# Drilling deck pan filled with concrete



## Toronto (Jun 22, 2009)

Hey all I'm wondering if any of you have some tips on drilling into decking filled with concrete. 
I have to build a rack and have to use 1/2" rod with 5/8" drop in anchors. What I'm doing now is drilling a 1/8" sds pilot, then using a 7/8" metal hole saw to remove the steel, THEN finishing it off with a 5/8" sds bit 
I have about 140 of these to holes to drill 
Although very time consuming, this hole saw method works but if I drill past the steel into the concrete even for a split second I ruin my bits. 
So if anyone here can request an easier way to do this it would be much appreciated.


----------



## Awg-Dawg (Jan 23, 2007)

Drill thru the decking with the bit. 

You dont need to cut the deck or pilot the hole.



Edit: I must have missed where you said you did this already.

I do it all the time without a problem.


----------



## Toronto (Jun 22, 2009)

I normally do just drive the sds through the deck but this particular decking is thicker gauge. I'd say double the thickness of what I've seen elsewhere


----------



## Awg-Dawg (Jan 23, 2007)

Toronto said:


> I normally do just drive the sds through the deck but this particular decking is thicker gauge. I'd say double the thickness of what I've seen elsewhere


 I realized you were in canada after I posted.

I thought maybe you have differents codes there about thickness.

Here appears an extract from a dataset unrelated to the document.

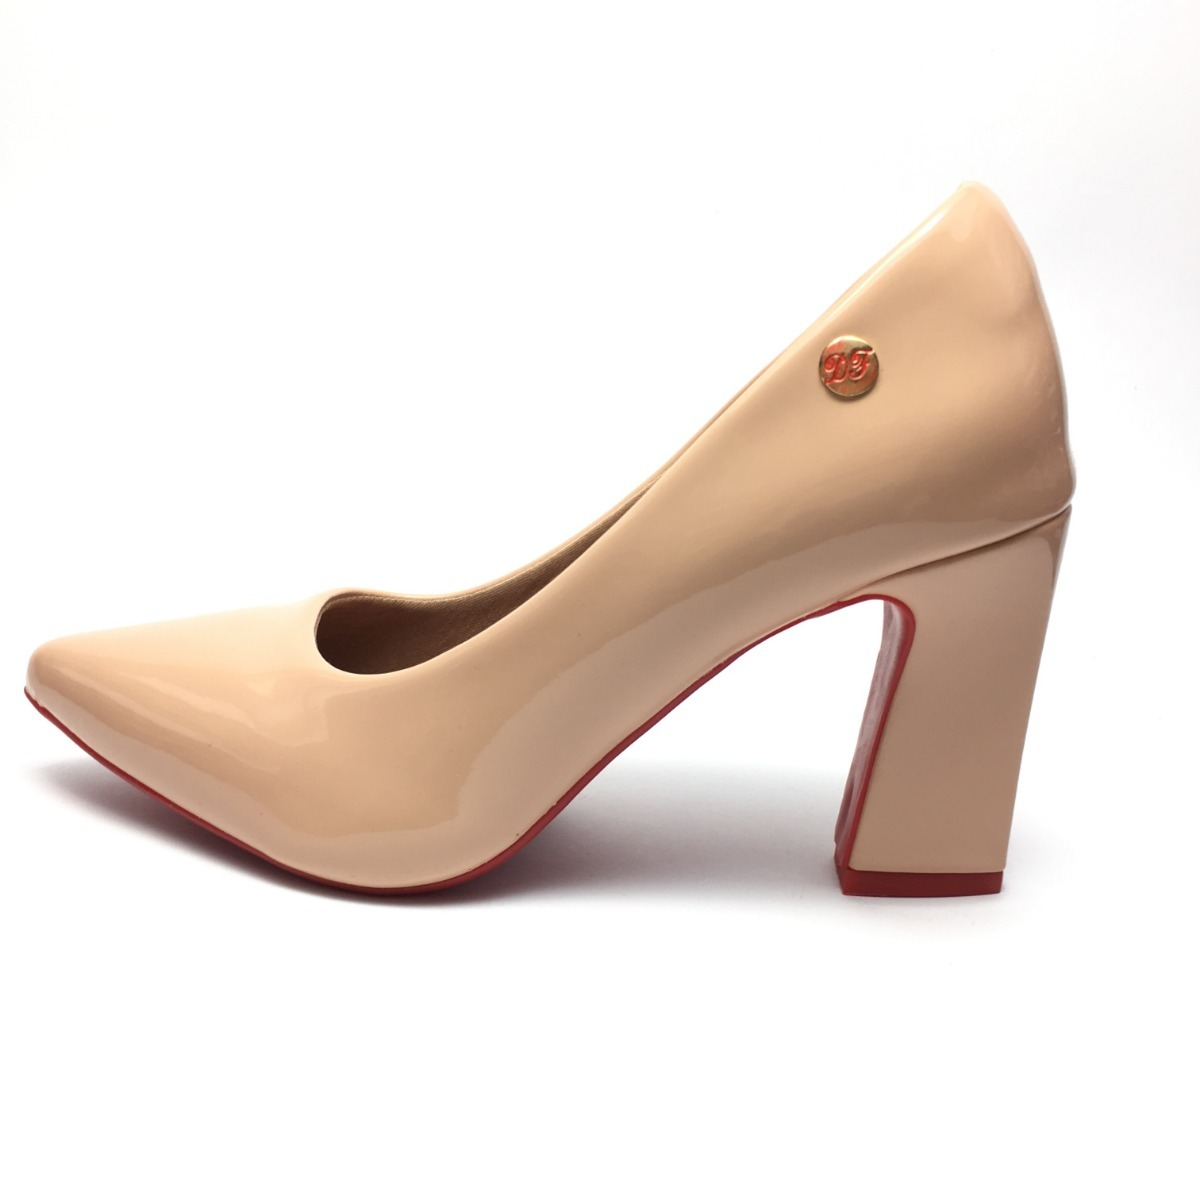 f5a6c257dc sapato feminino scarpin salto alto grosso festa evento nude. Carregando zoom .

When I see decking like that, there is usually bar joists, you dont/cant use them?


----------



## 360max (Jun 10, 2011)

just drill 1/4" hole and let the sds bit do the rest, it will save your holesaw from the concrete


----------



## Cow (Jan 16, 2008)

When I had to hang a trapeze from pandecking, I used 3/8" redhead wedge anchors. I'd punch through the steel with the rotohammer bit and up into the concrete. Drive a wedge anchor in, tighten it down, and then install a rod coupling on the end of it to hang the allthread from. 

I assume a 1/2" rotohammer bit would punch through the steel as well. 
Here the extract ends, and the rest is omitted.